Brief
Your reply should reproduce all the data below exactly while excluding the pictures.

Dataset section
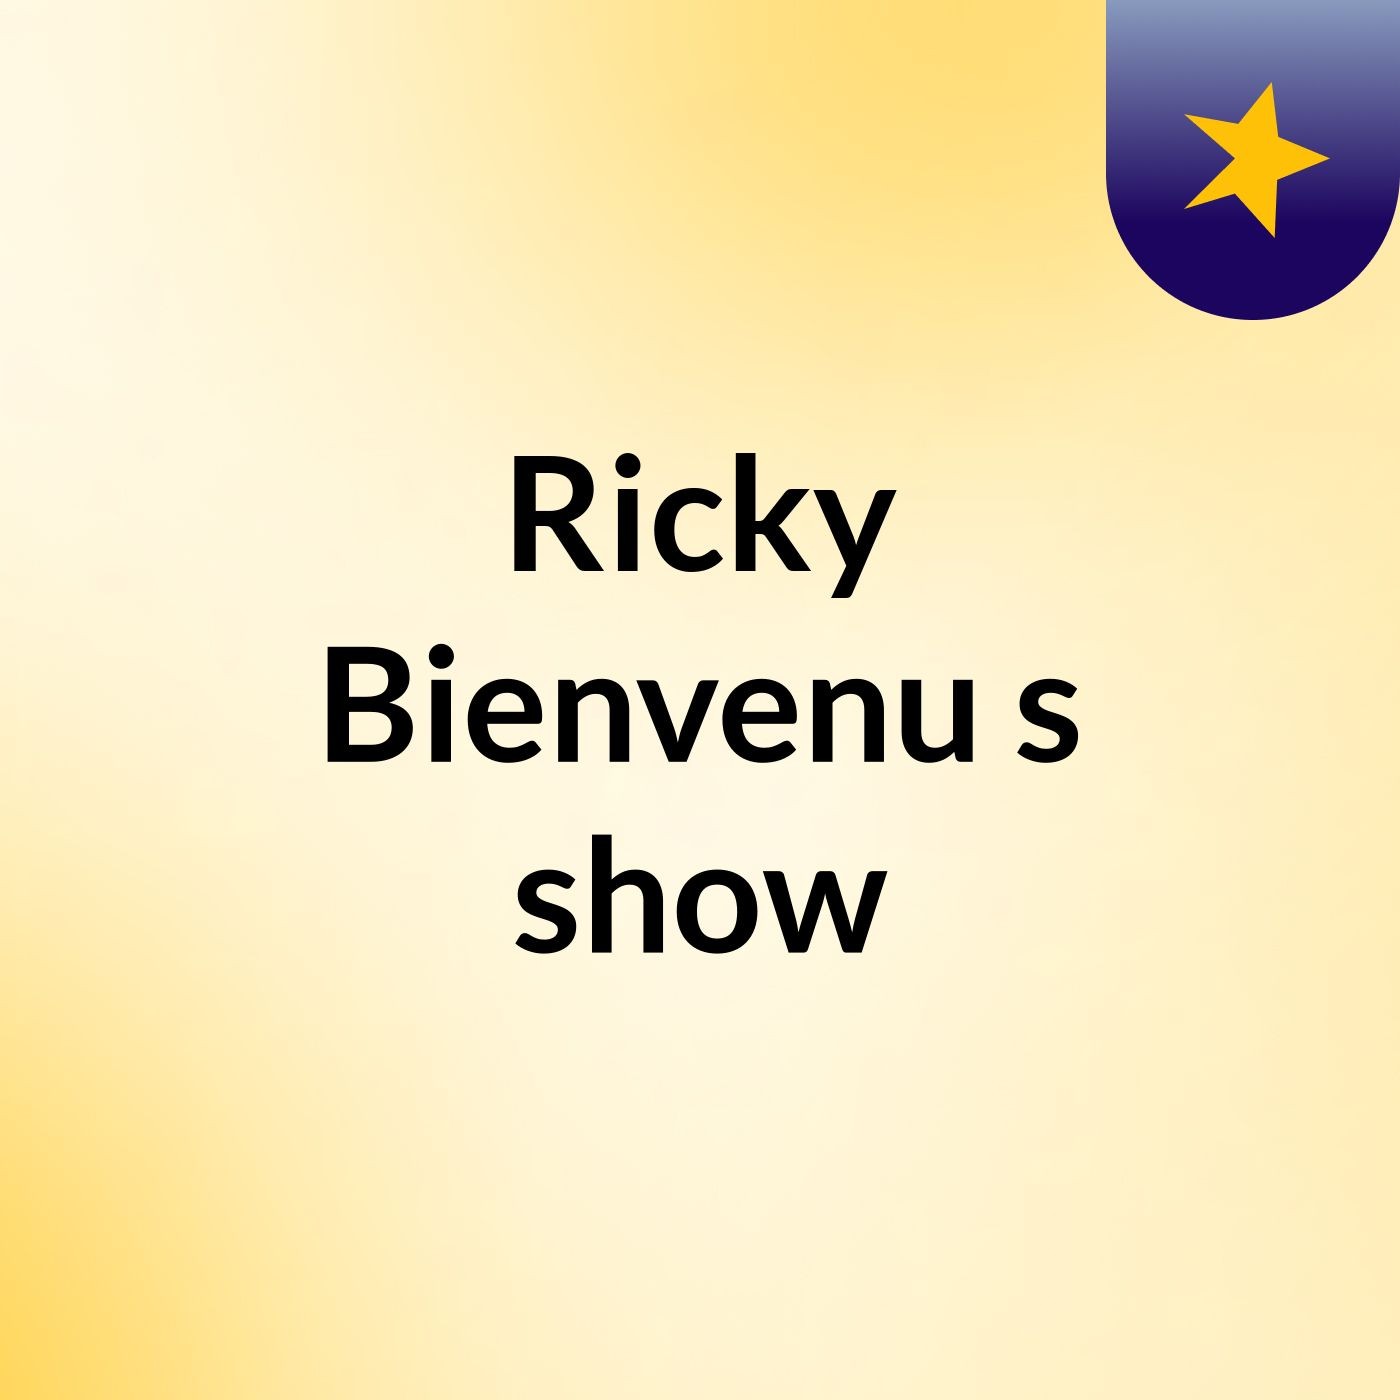 Ricky Bienvenu's show
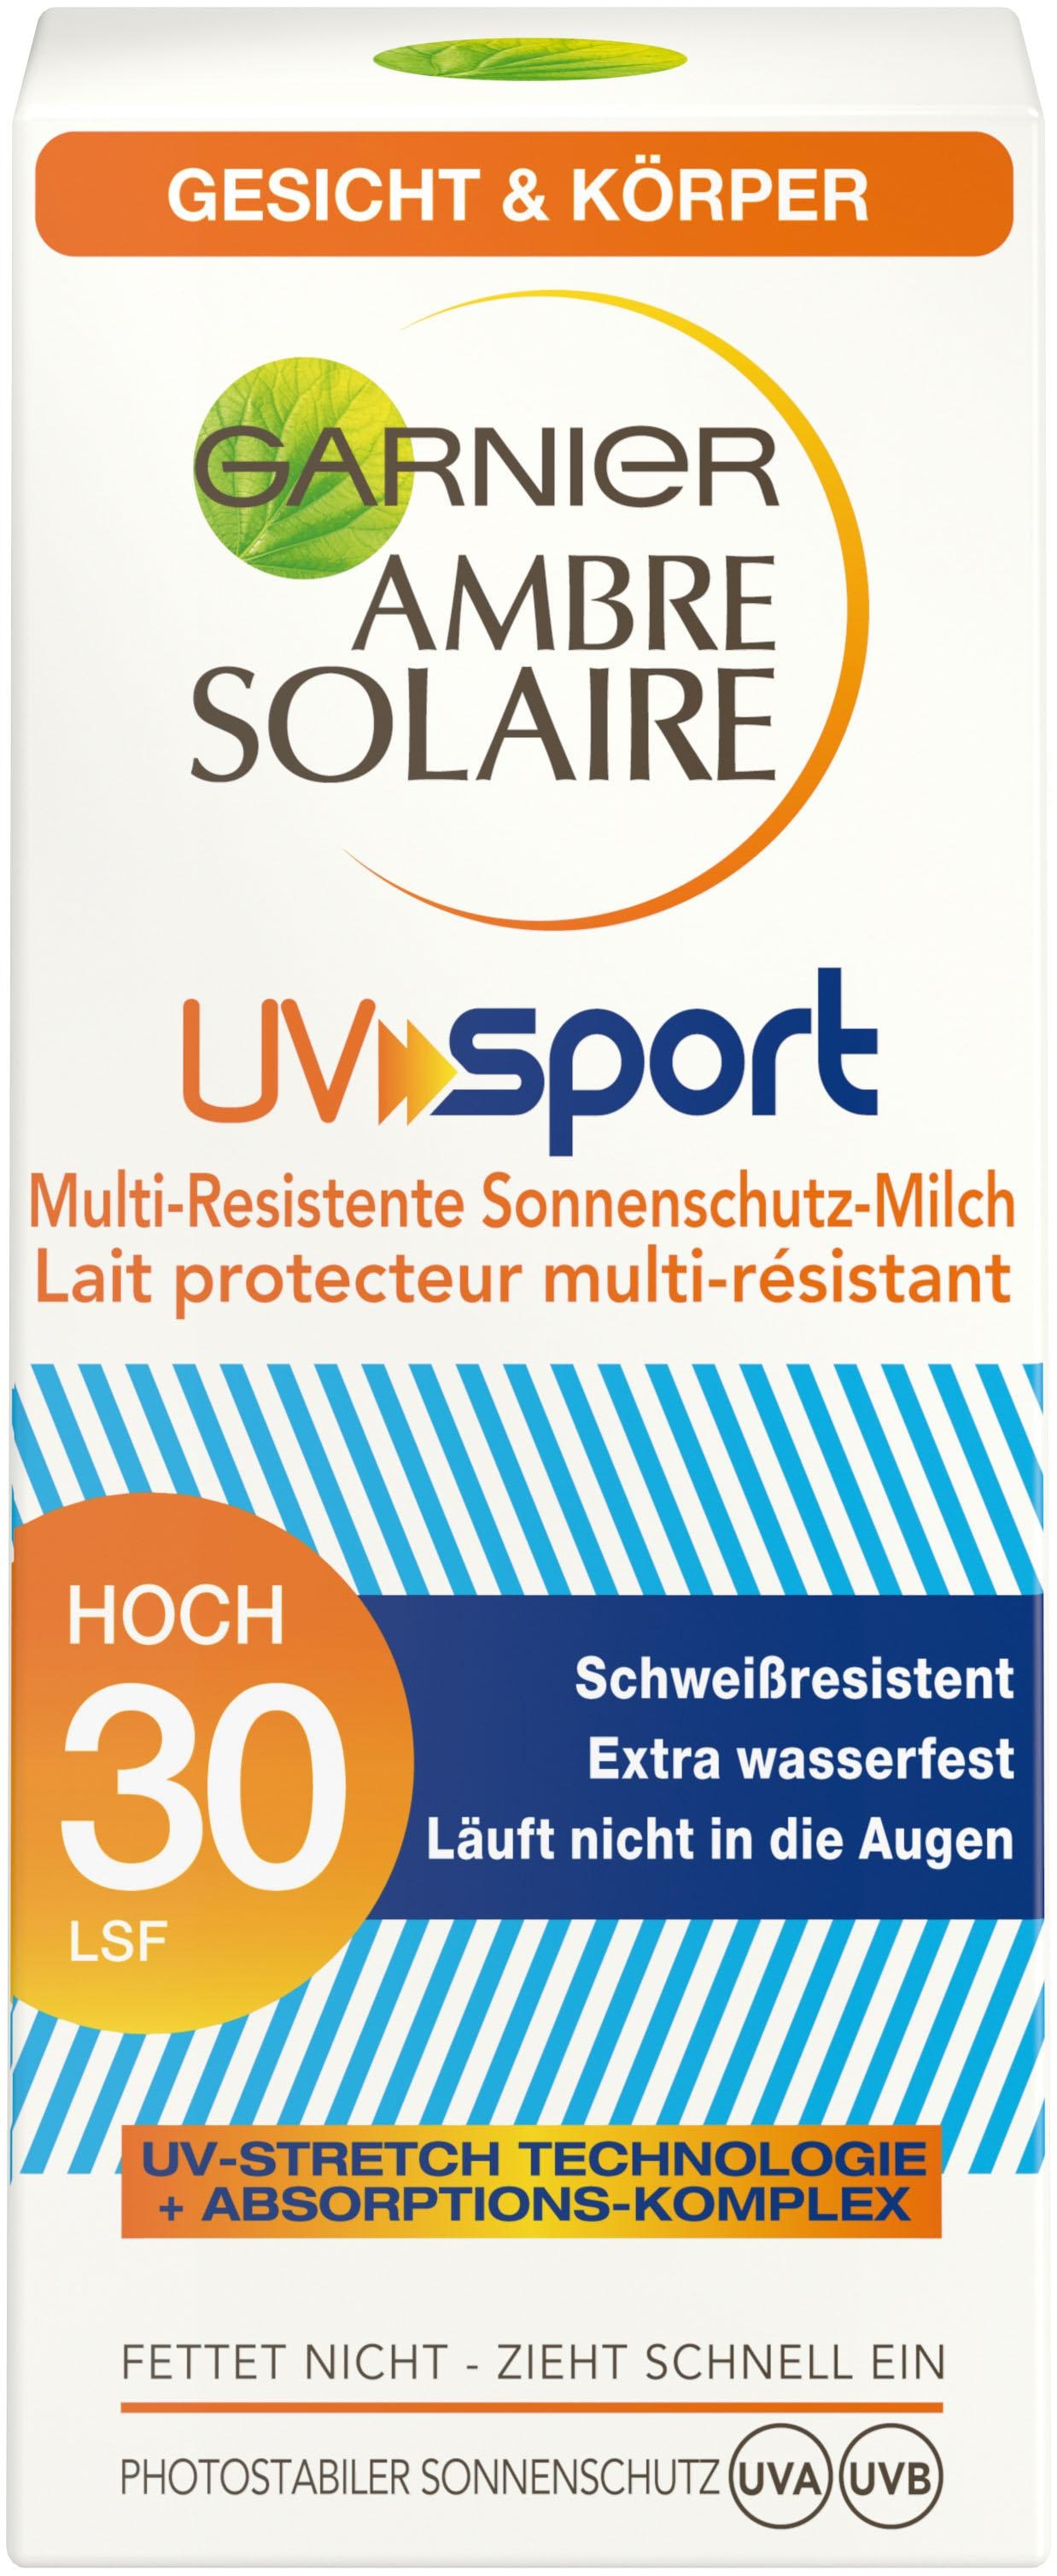 GARNIER Sonnenschutzmilch »Ambre Solaire UV Sport Protection LSF 30« bei
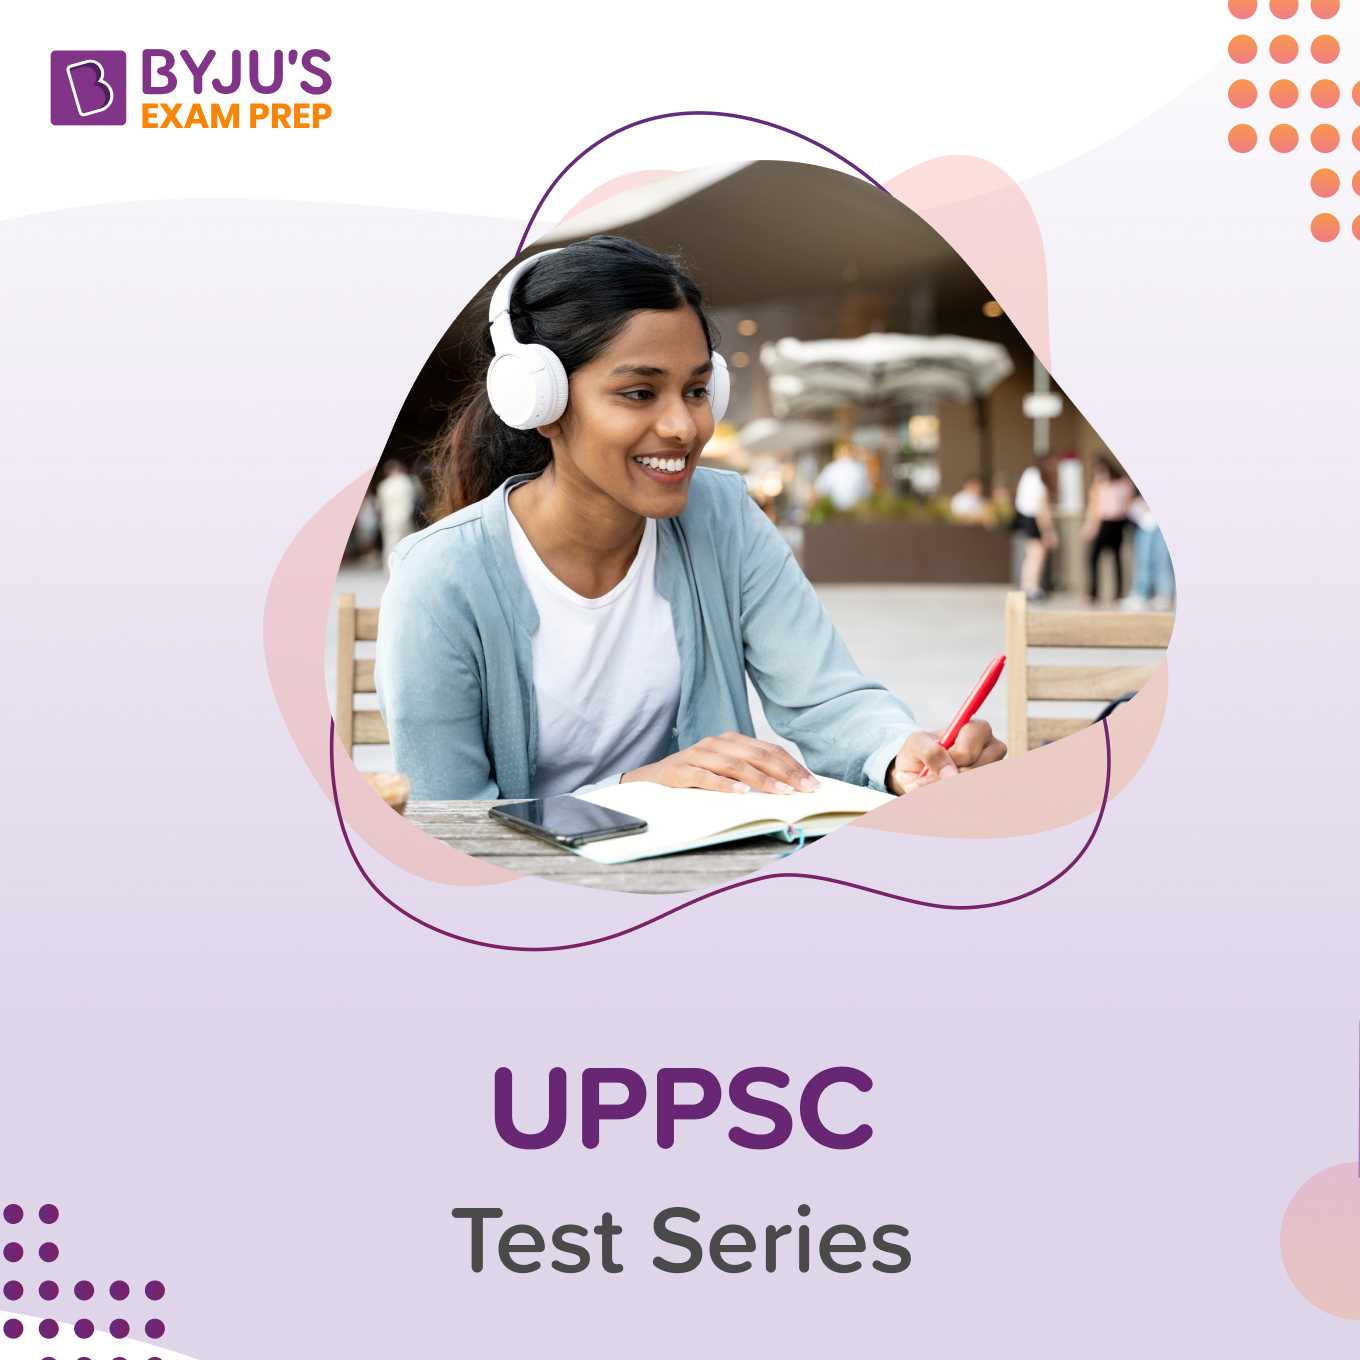 UPPSC - Test Series
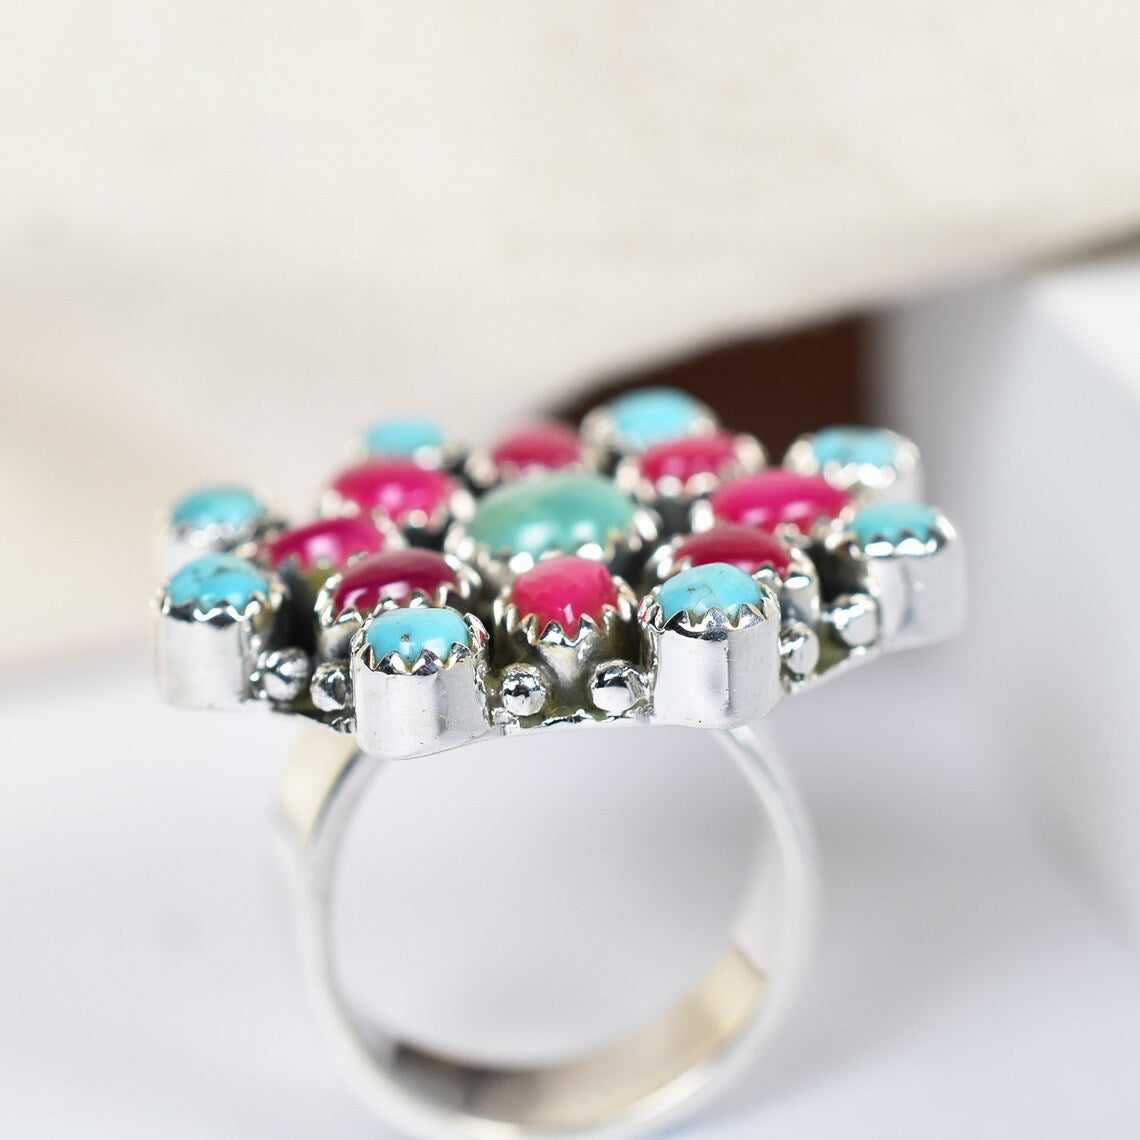 Native American Turquoise & Pink Onyx Cluster Rings - 925 Sterling Silver Handmade Vintage Rings

Solution for this task
 Ricky Bienvenu's show
 GARNIER Sonnenschutzmilch »Ambre Solaire UV Sport Protection LSF 30« bei
 UPPSC - Test Series
 Native American Turquoise & Pink Onyx Cluster Rings - 925 Sterling Silver Handmade Vintage Rings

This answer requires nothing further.